In the process of remeasuring transaction currency monetary assets and liability account balances, the difference between the exchange rate when the transaction was posted and exchange rate when the transaction was cleared goes to the functional entity's income statement as an FX gain or loss. Then in the process of translating the functional entity's income statement for the reporting entity's consolidated income statement, that FX gain/loss gets translated at current income statement rate to reporting currency and appears on the consolidated income statement.

Managing balance sheet risk can involve organic (natural) hedging such as using cash positions or intercompany loans to create exposure offsets. It can also involve external hedging such as buying a forward contract to offset FX exposure. See Foreign exchange hedge and Foreign exchange derivative § Instruments.

In both cases, efficient hedging depends on being able to drill down into the balance sheet to see the currencies of the transactions sitting on the company's books around the world. Currency analytics automates that drill-down process and presents balance sheet exposure data in an easy-to-use dashboard that allows companies to efficiently manage balance sheet risk and minimize FX gain/loss.

=== Cash flow risk ===

In the process of translating the functional entity's income statement, revenue, cost of goods sold (COGS), and operating expenses (OpEx) get translated at the current income statement rate to reporting currency and appear on the consolidated income statement.

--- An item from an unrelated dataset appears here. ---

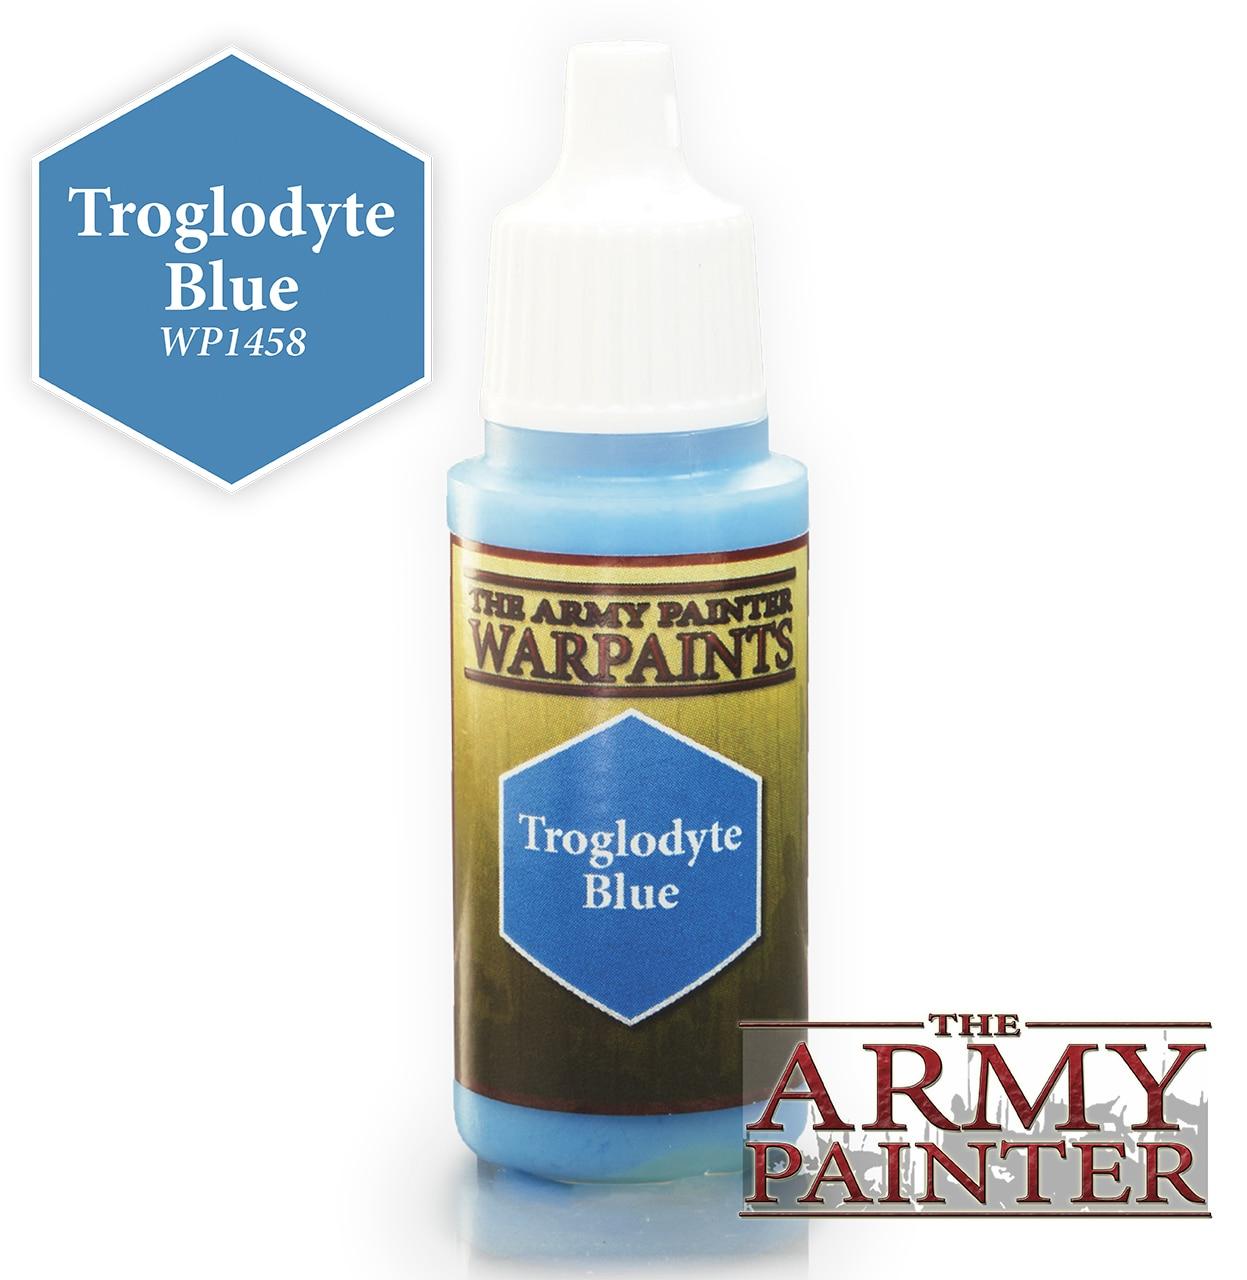 Army Painter Warpaint - Troglodyte Blue

Currency impact to revenue, COGS, and OpEx arises from differences between the current income statement rate and the forecasted rate.

Managing cash flow risk is fundamentally about protecting the economic value of the company's future flow of cash from being eroded by currency volatility. It can involve organic (natural) hedging such as pricing contracts in a particular currency. It can also involve external hedging, but accounting rules require matching hedges to forecasted cash flows and don't allow hedging economic risk.

Currency analytics allow companies to mitigate cash flow risk by uncovering accounting exposures to match the economic exposures so the company can hedge the accounting exposure as a proxy. Currency analytics enable "what/if" scenario analysis so companies can model how volatility in particular currencies could impact their revenue and expenses in the future.